*RECORDED INFORMATION*.
• • •

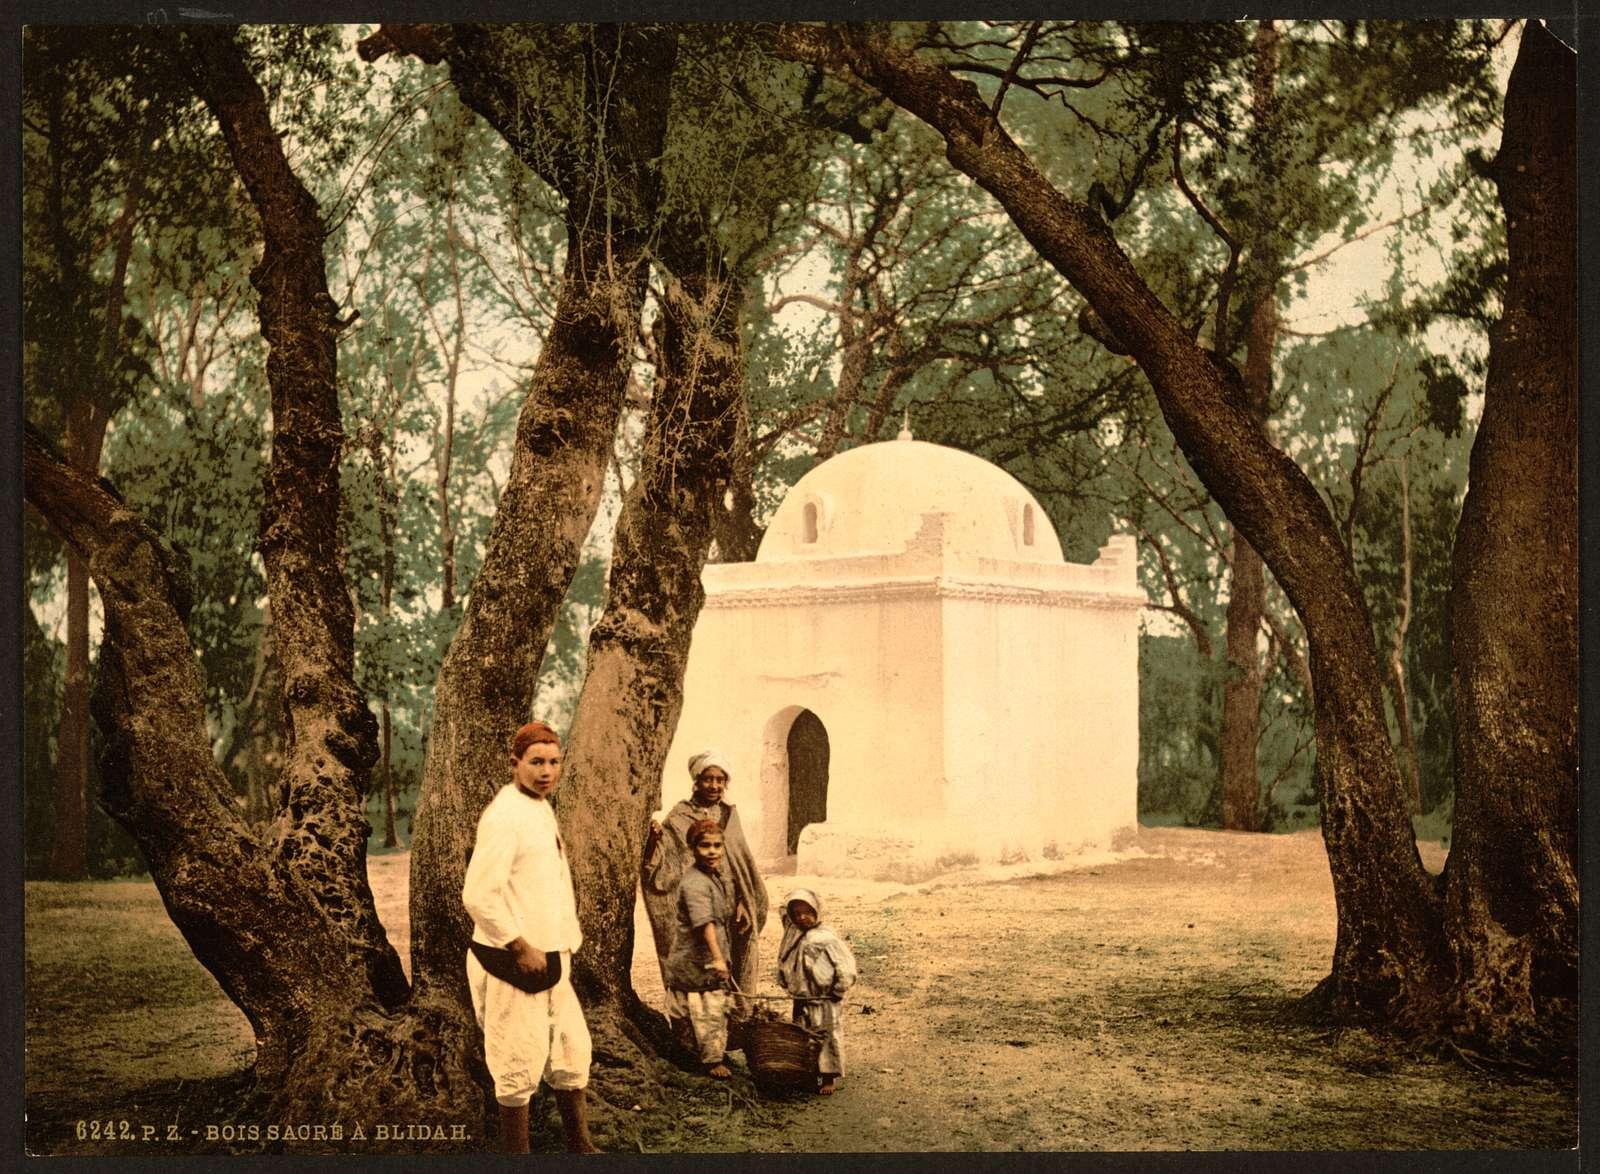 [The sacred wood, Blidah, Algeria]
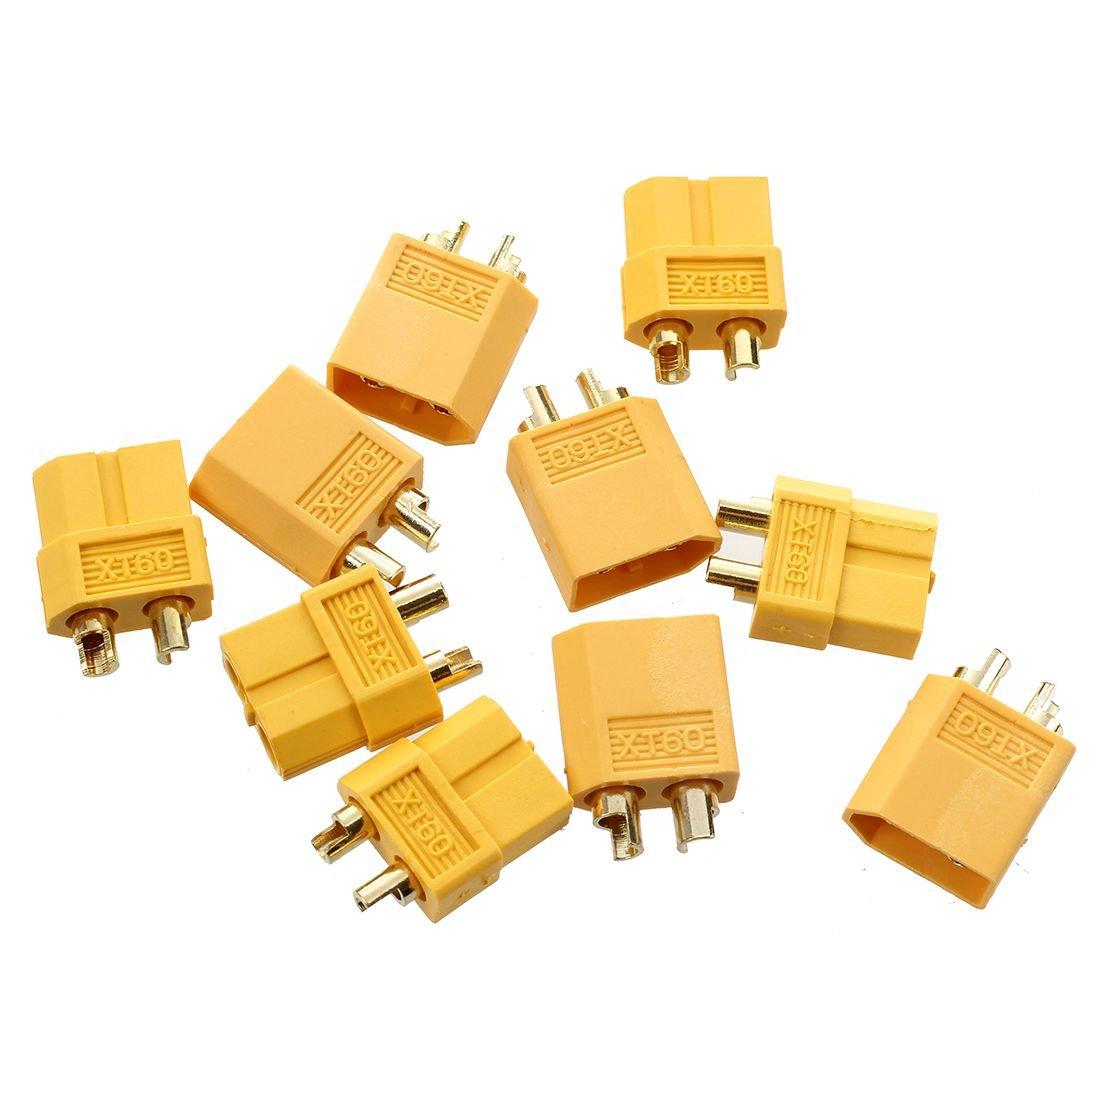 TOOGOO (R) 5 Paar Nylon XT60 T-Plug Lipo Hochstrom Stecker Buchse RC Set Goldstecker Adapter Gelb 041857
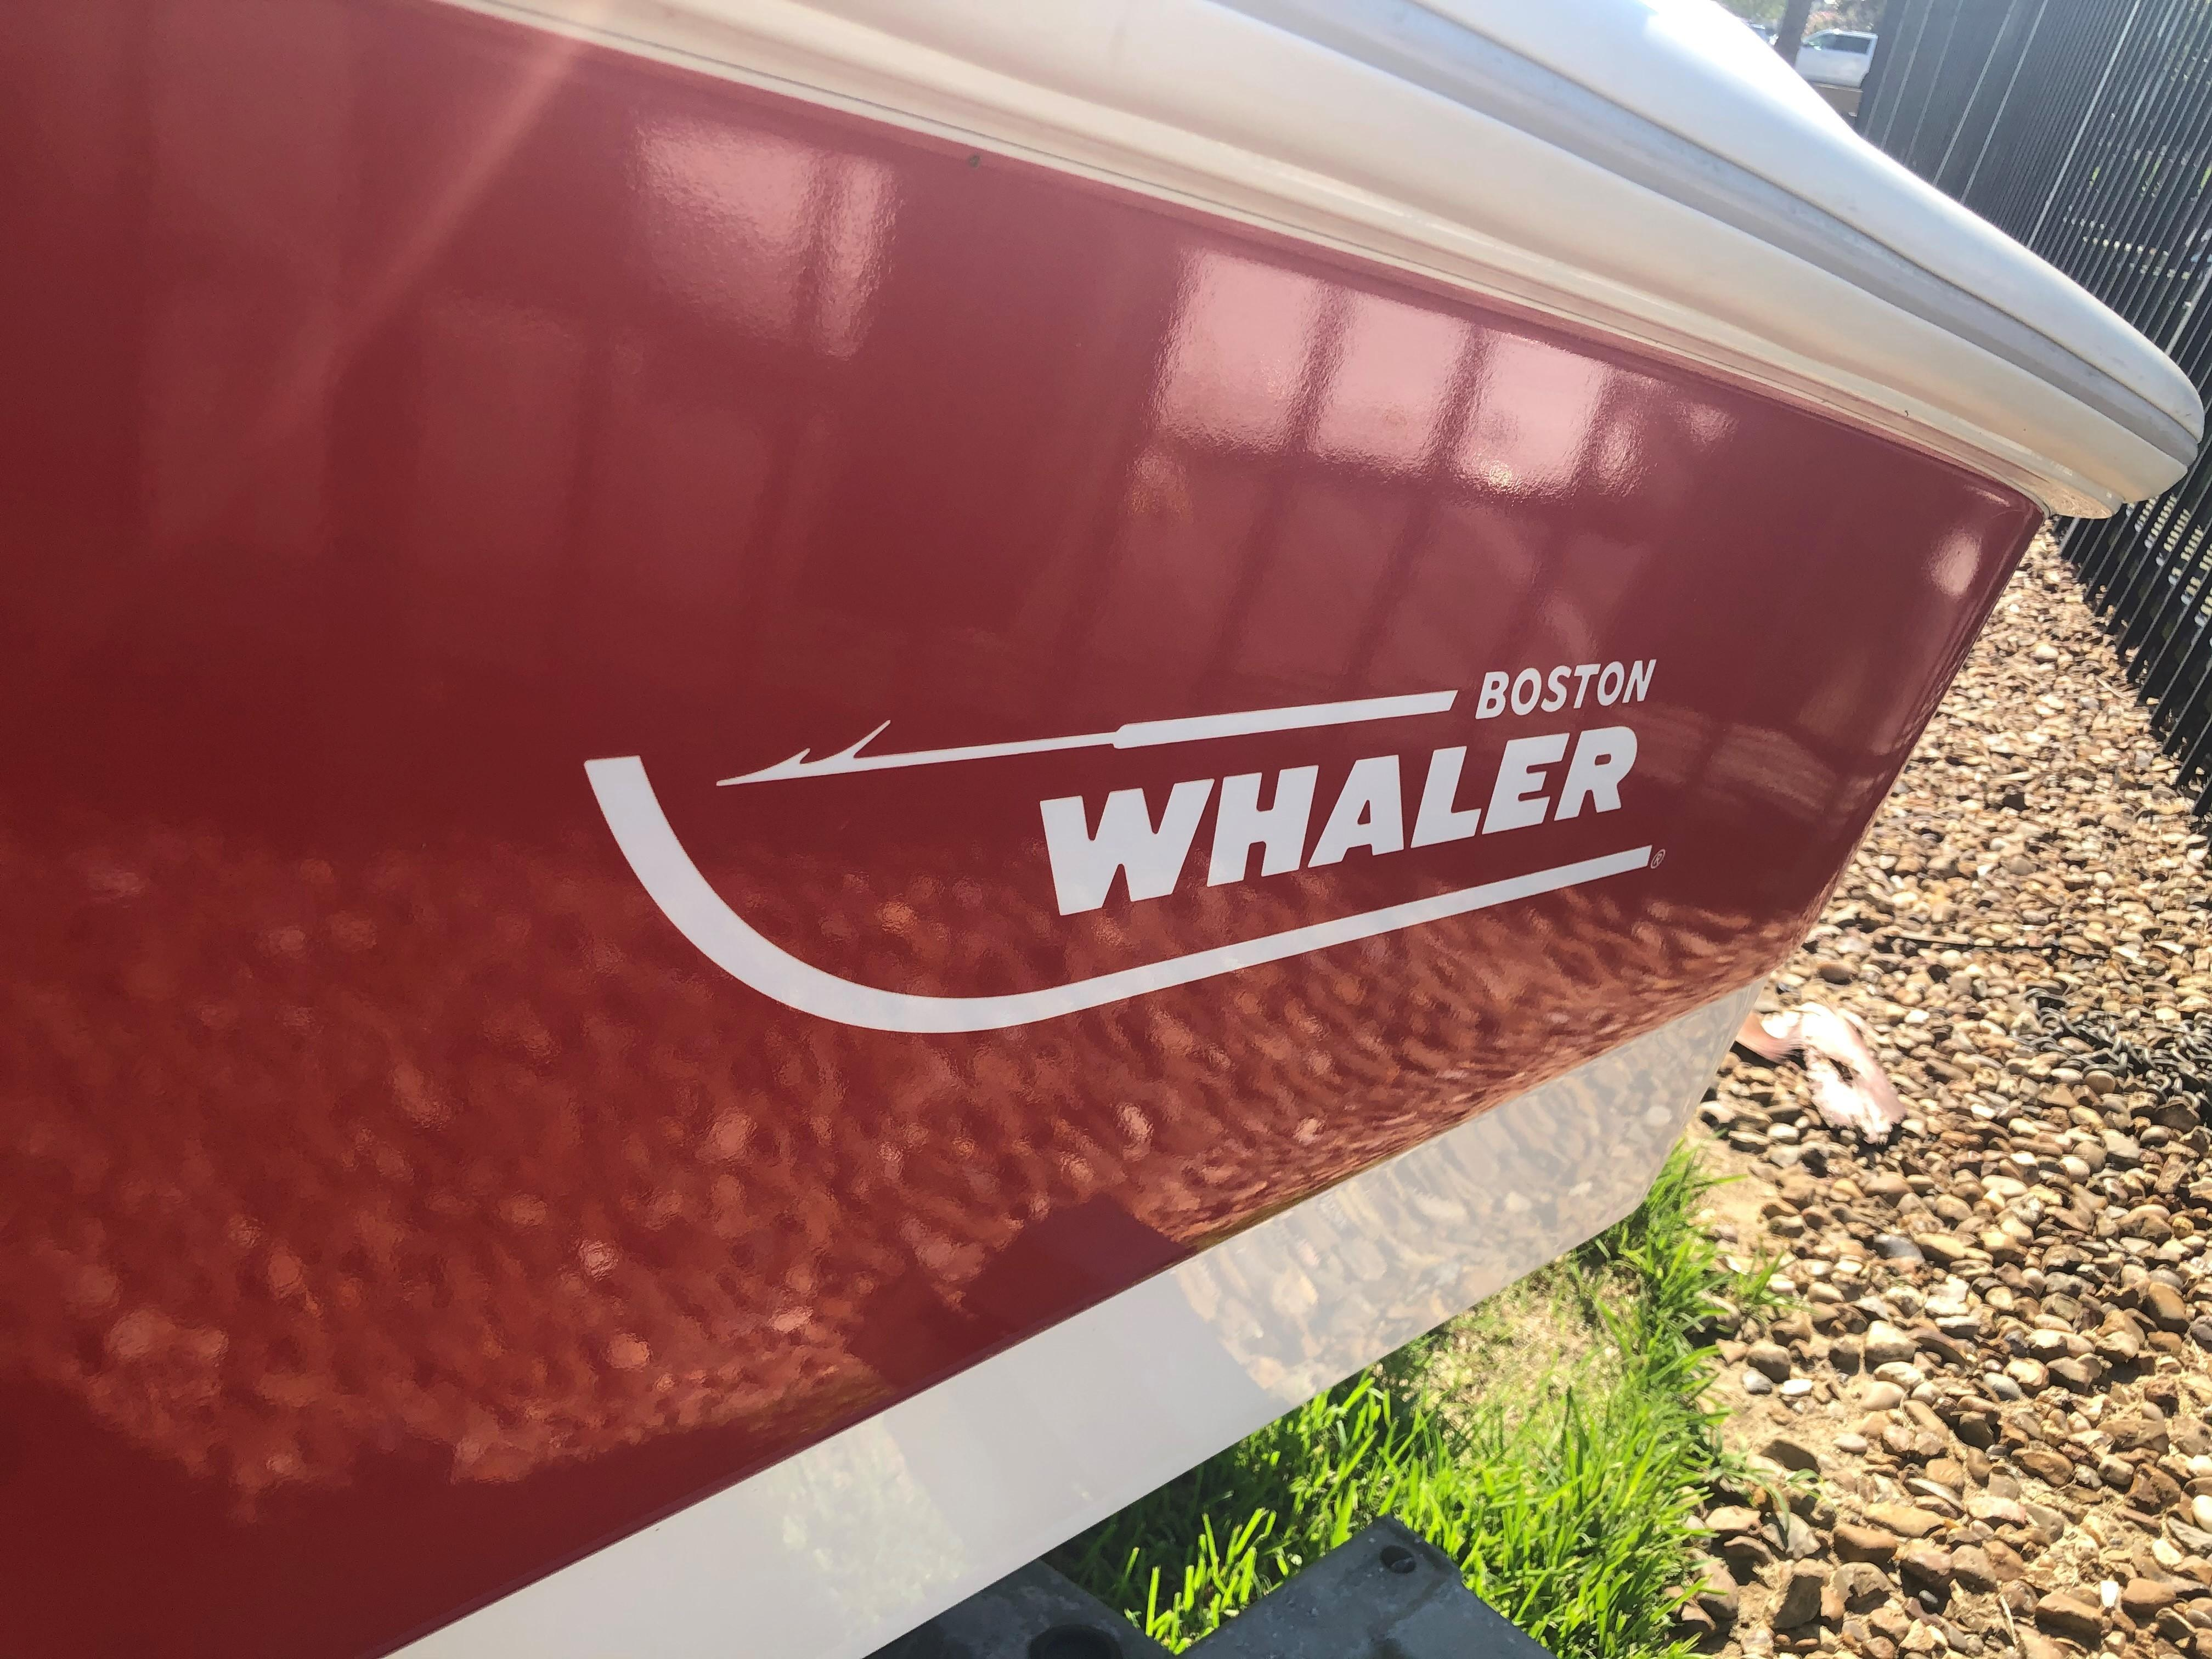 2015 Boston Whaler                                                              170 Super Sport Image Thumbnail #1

• • •

*ACTIVITY*.
Output the material word for word. Pictures do not go in.

*EXPECTED ANSWER*.
 [The sacred wood, Blidah, Algeria]
 TOOGOO (R) 5 Paar Nylon XT60 T-Plug Lipo Hochstrom Stecker Buchse RC Set Goldstecker Adapter Gelb 041857
 2015 Boston Whaler                                                              170 Super Sport Image Thumbnail #1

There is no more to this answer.